When you "pull" changes from a remote repository (say on github.com), git is downloading data just from inside the remote repository to inside your local repository. Then it does a checkout on the default branch of the project (usually "master", though you can call it anything you want).

You can visualize this process as such:

checkout:

commit stored in repository --> restored working directory to state of commit

add:

changes to things in working directory --> staged changes

commit:

state of tracked files including only staged changes + all unchanged tracked files --> repository

##What are git filters?

Git filters are special steps that you may set up called "clean" and "smudge". These steps automatically happen whenever you add changes or checkout files.

To create a filter for a specific repository, you can edit the file at .git/config, and add text to describe what the filter does like this:

[filter "name_of_filter"]
    clean  = unix_command_to_run --argument1 myArgument --argument2 myOtherArgument
    smudge = unix_command_to_run --argument myArgument`

Note: git refers to the unix_command_to_run and all its arguments as the "filter driver". Each filter has up to two drivers: one for clean and one for smudge.

Also note: the rule is that running the file through clean and then back through smudge should result in the same file as when you started, and vice versa. As well, running it through multiple cleans or multiple smudges in a row should have the same effect as just one in a row. Bear that in mind when you set up your filters. (I recommend using unit tests to make sure.)

Just adding the filter to your config file won't do anything. Next you need to tell git which files you want to "pipe" through that filter. To designate which files to use, make a file (or files, each) called .gitattributes, which can live anywhere in your working directory. In them you can designate certain files that should be run through a particular filter. The way you designate a filter and files to be filtered is like this:

line of text inside a .gitattributes file: path/to/file filter=name_of_filter

Note: the path/to/file.php is relative to where the .gitattributes file is that it is inside of. Wow that was grammatically awkward. But you know what I mean, right?

To check what filters are currently in effect for a given file in your working directory, on the command line you can type:

git check-attr -a path/to/file.php

If everything is setup right you should see:

file.php: filter: name_of_filter

OK, so, below, you can visualize our previous workflow visualization, now with git filters in action:

checkout:

commit stored in repository --> file designated by .gitattributes --> filter named by .gitattributes for that file --> run file through smudge filter driver designated in .git/config --> restored working directory to state of commit

add:

changes to things in working directory --> file designated by .gitattributes --> filter named by .gitattributes for that file --> run file through clean filter driver --> staged changes

Rule of thumb: don't designate more than one filter per file in your working directory (git will only run one, and the rules for which one overrides which one are confusing).
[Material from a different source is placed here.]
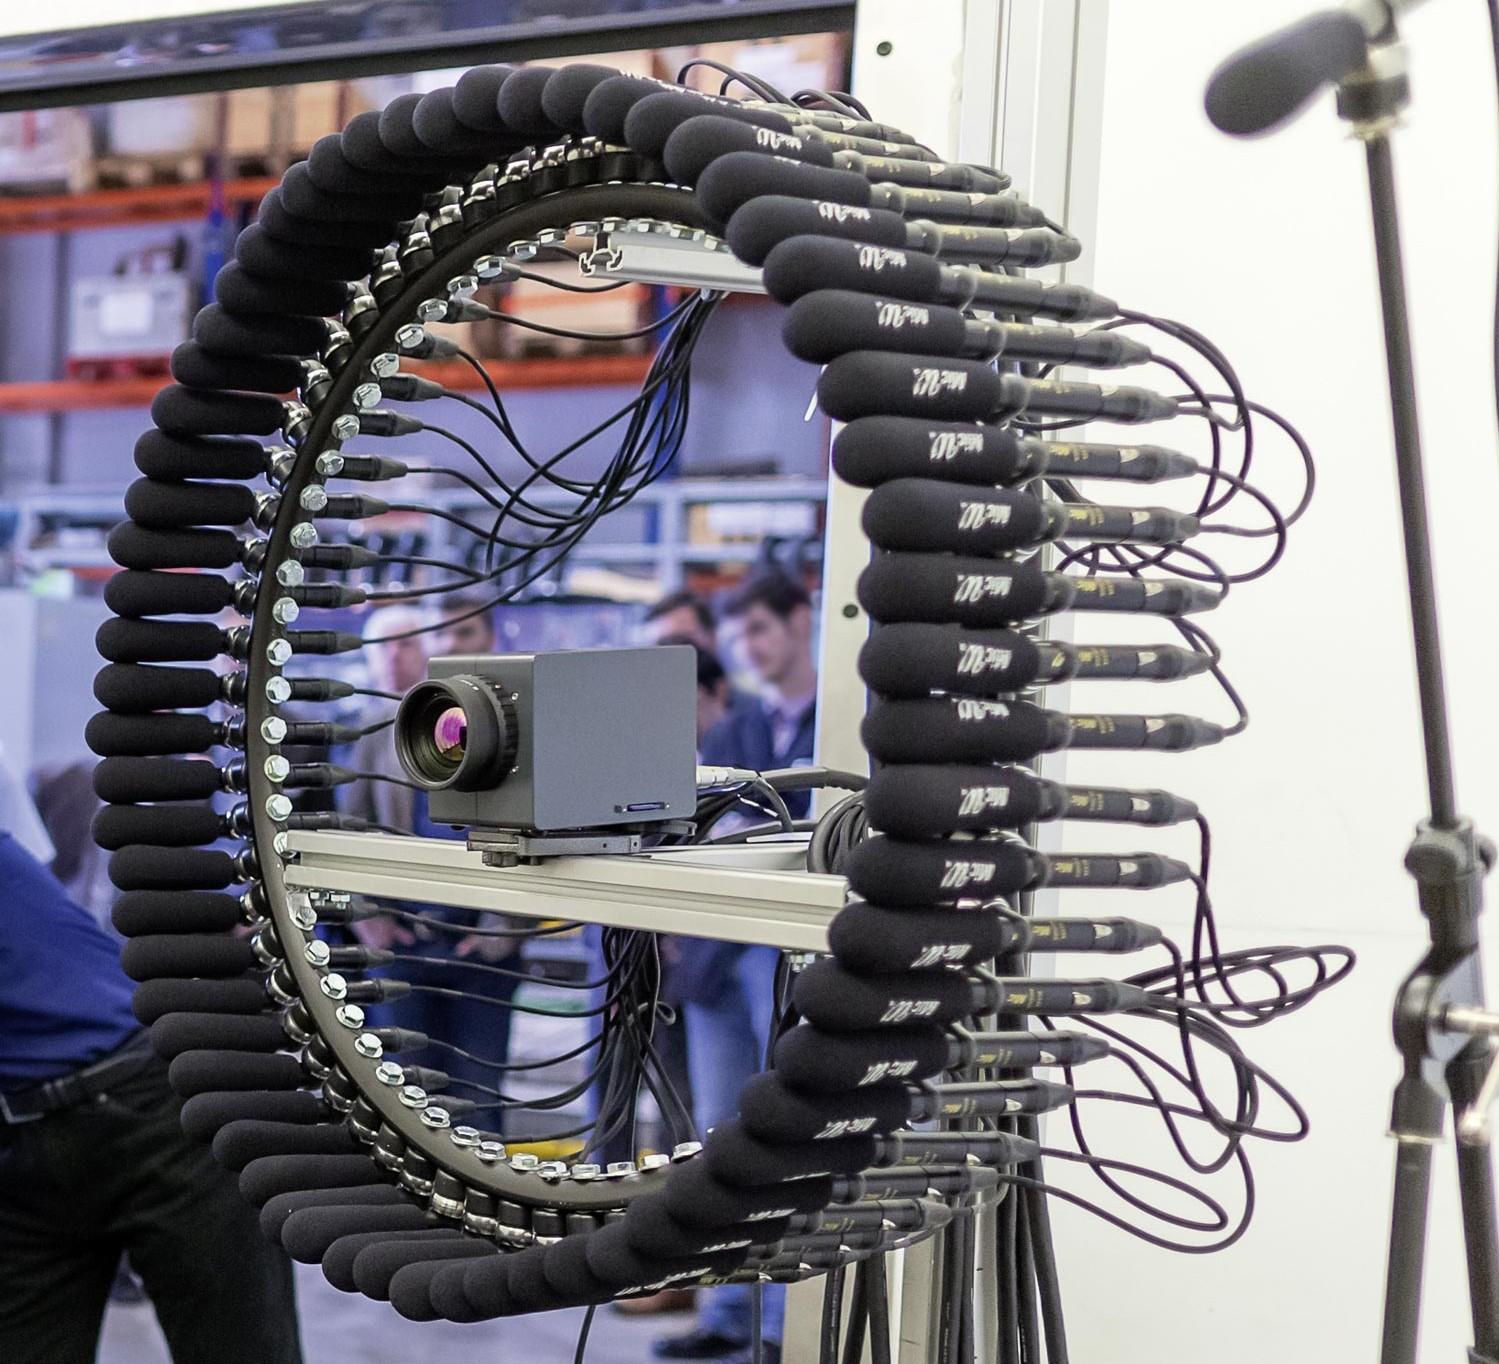 Akustische Kamera in Ringform (64 Kanäle) mit einer in der Mitte positionierten Thermokamera für den Einsatz in der Klimakammer; Foto: AIT/Ludwig Schedl

Critically: If you need to run multiple unix commands on each file, then you need to make your filter driver be a script that runs multiple unix commands. And guess what? That's what expandr.sh is~~!!1 But wait, there's more.

##What is keyword expansion? Especially in relation to git filters?

Keyword expansion is when a program replaces a @DUMMY_STRING@ with an actual value like "foobar" or similar. What git filters let you do is use scripts like expander.sh that employ unix commands like sed to do keyword expansion (and contraction, for that matter). (Expansion is "smudge" and contraction is "clean".)

**Why would you want to use git keyword expansion?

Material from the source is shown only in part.